Task prompt: Restate the listing below word for word; no pictures belong in the copy.

-------- Data block

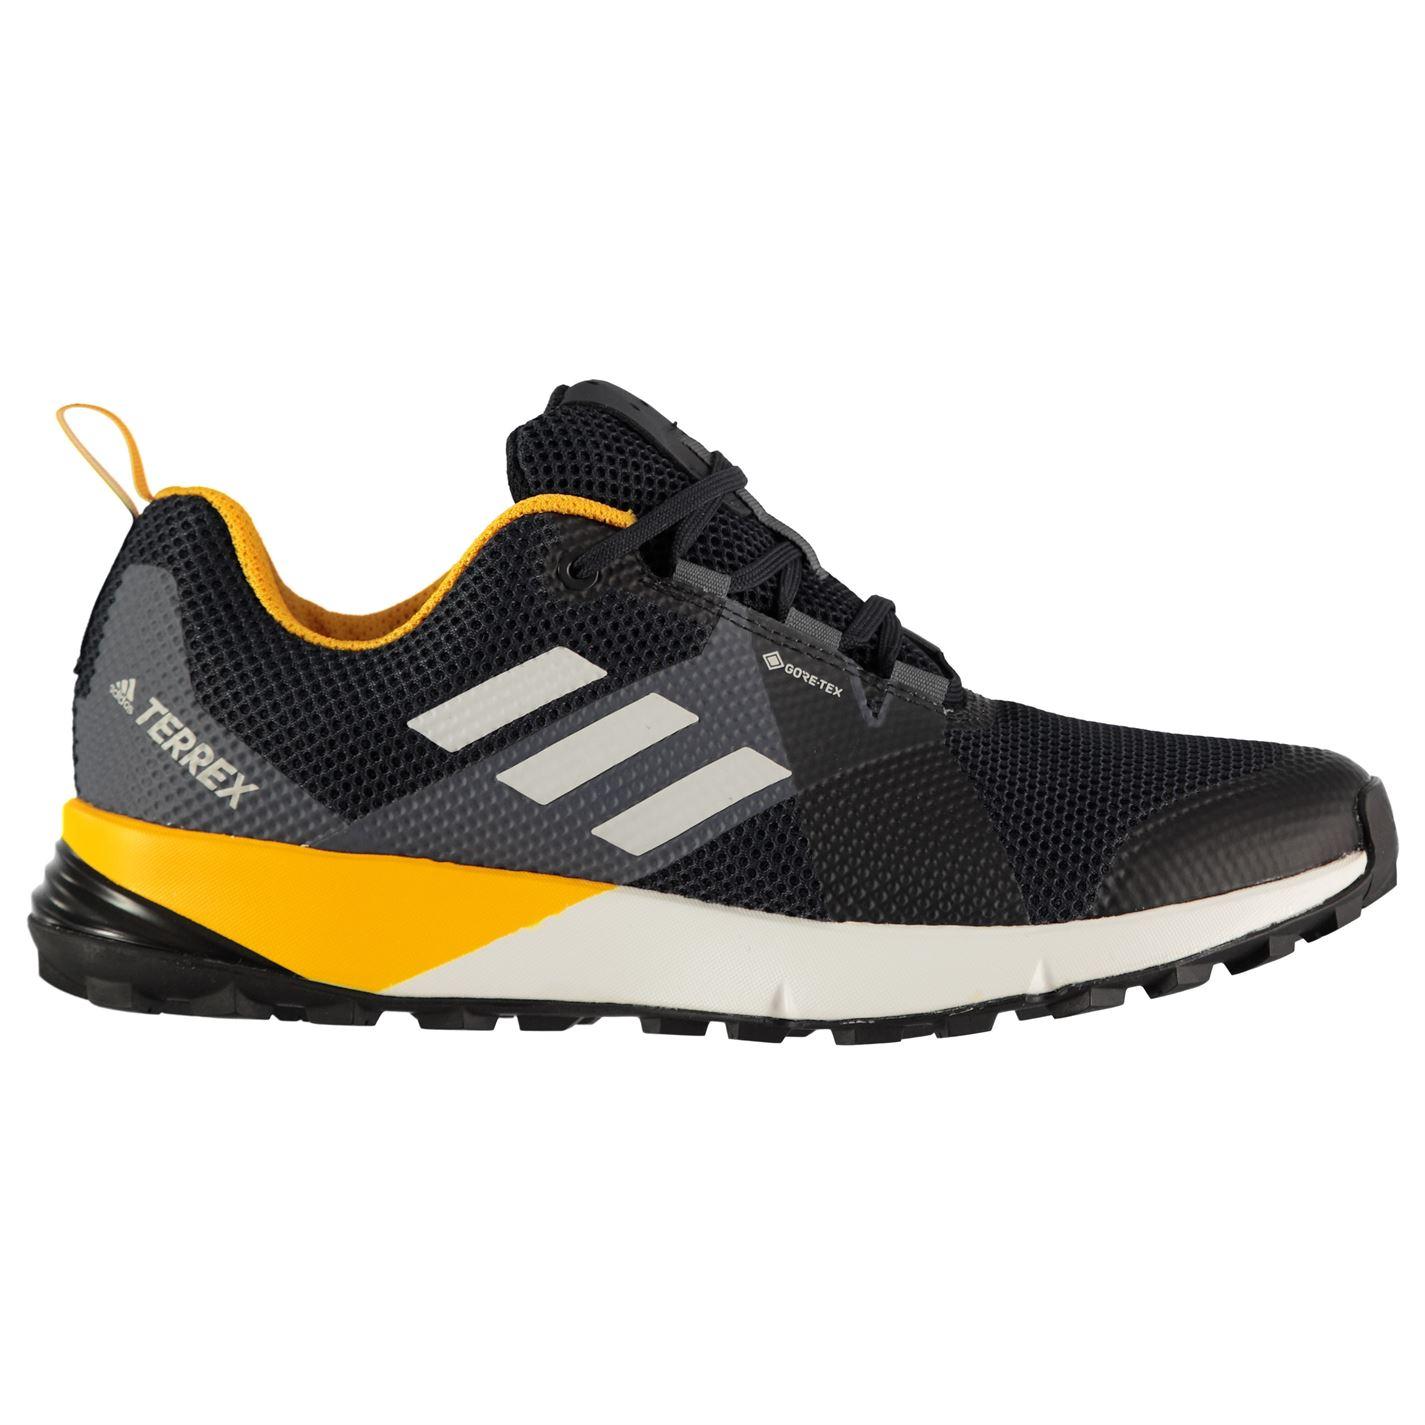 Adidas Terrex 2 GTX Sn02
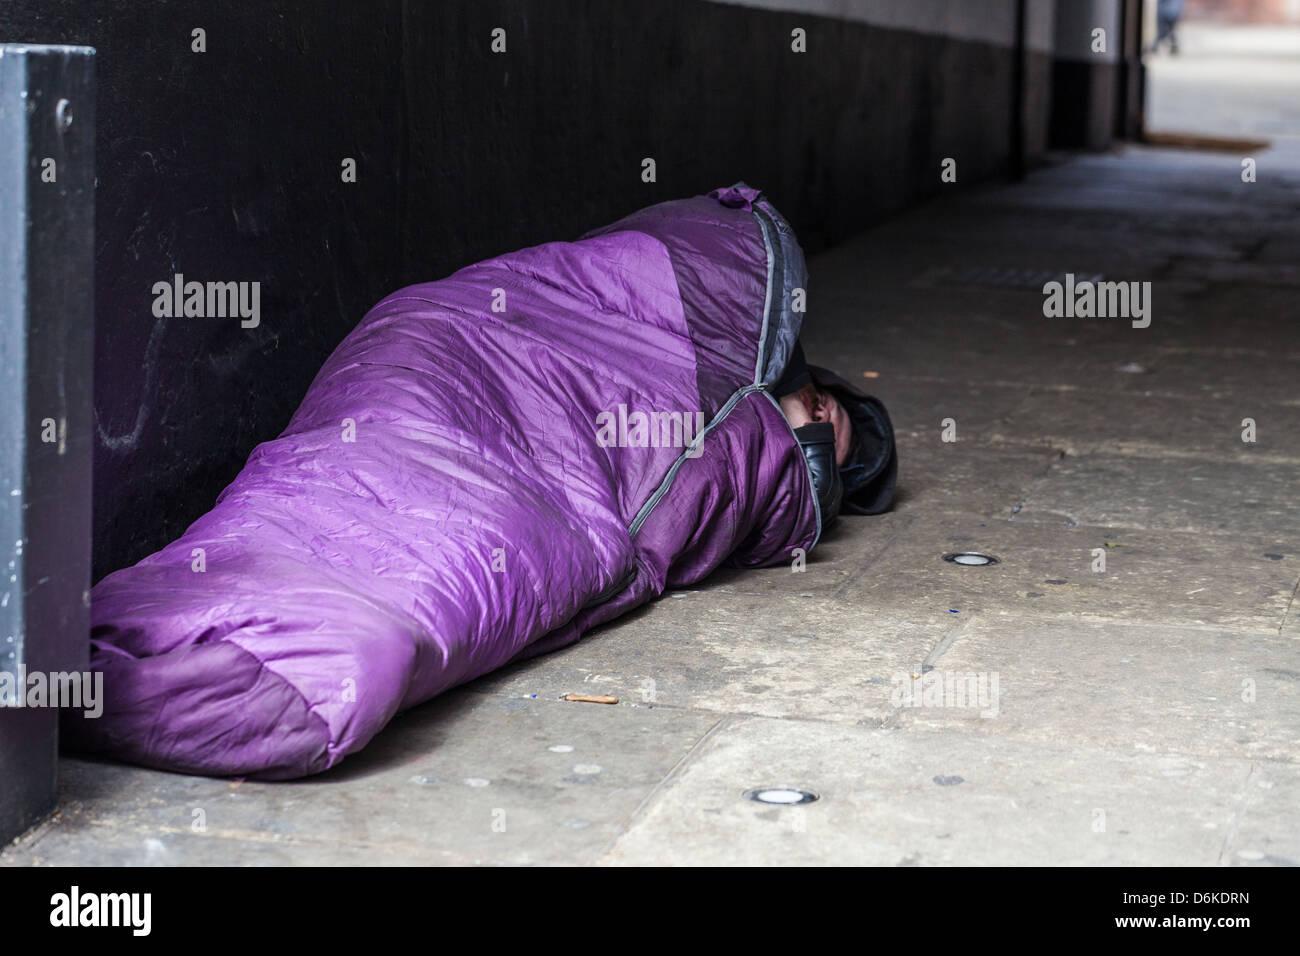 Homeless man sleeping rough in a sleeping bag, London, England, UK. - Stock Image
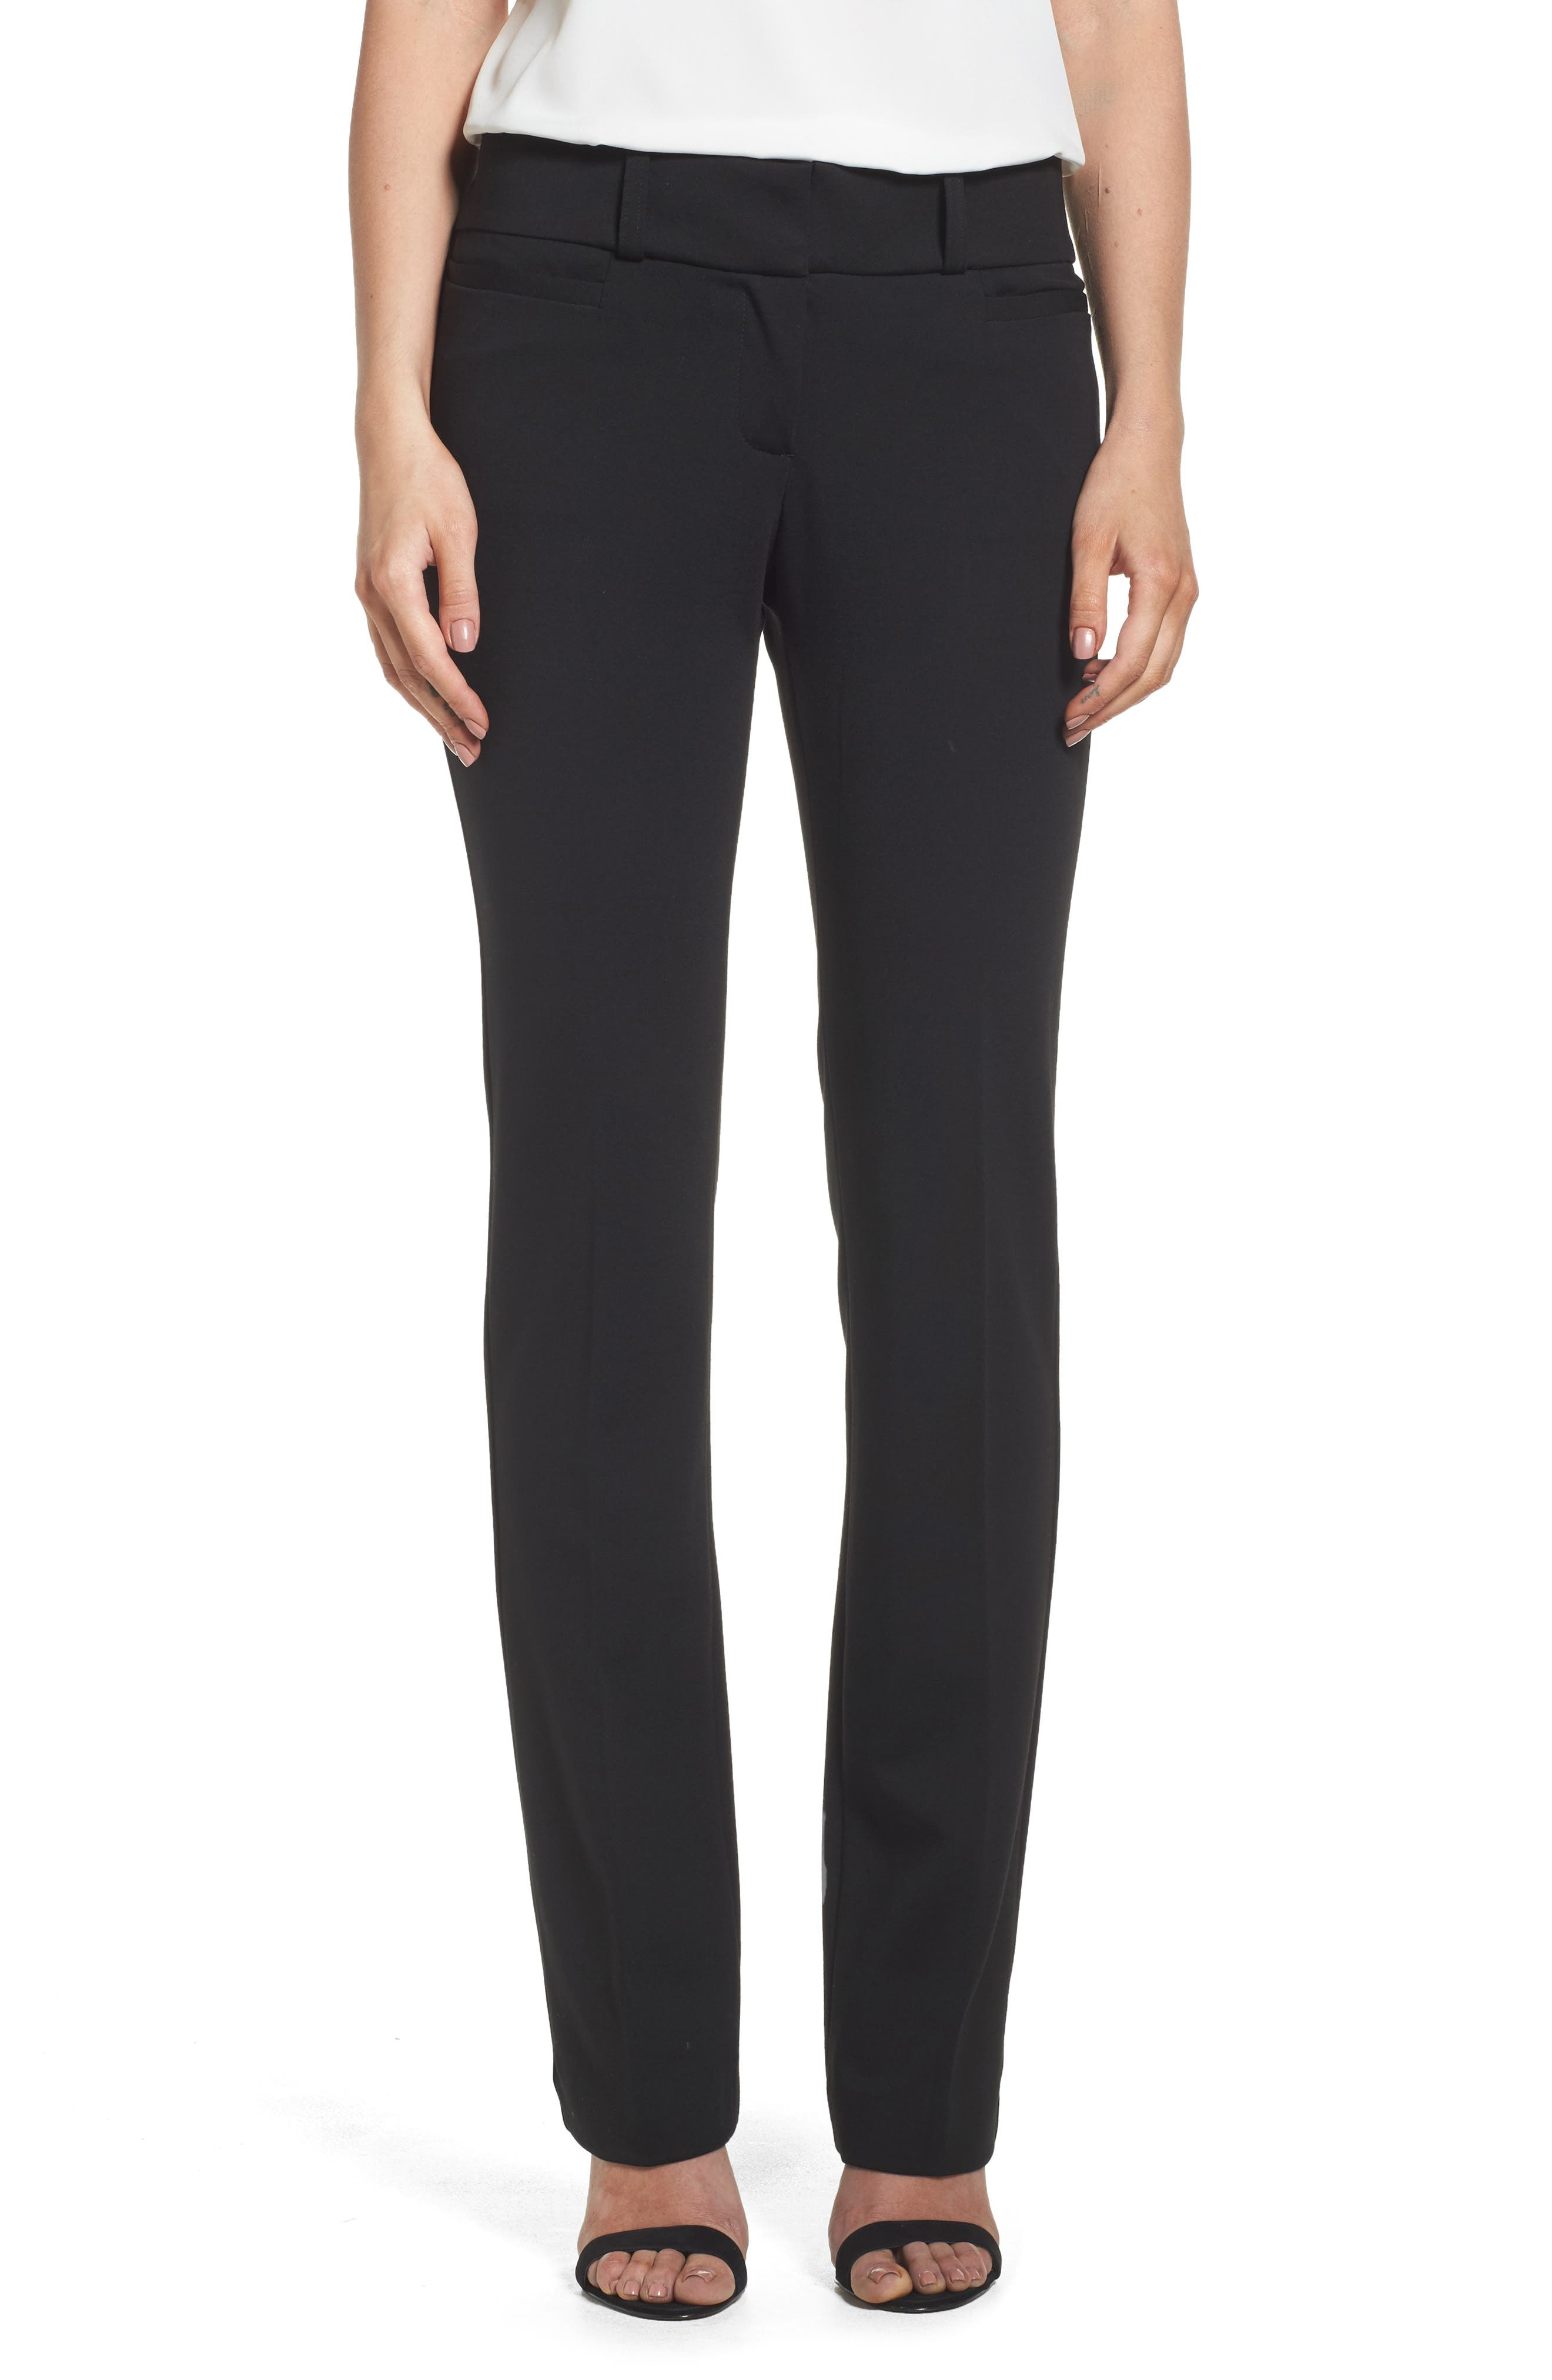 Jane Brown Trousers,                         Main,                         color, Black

----------------

Solution to this exercise:
 Adidas Terrex 2 GTX Sn02
 Homeless man sleeping rough in a sleeping bag, London, England, UK. - Stock Image
 Jane Brown Trousers,                         Main,                         color, Black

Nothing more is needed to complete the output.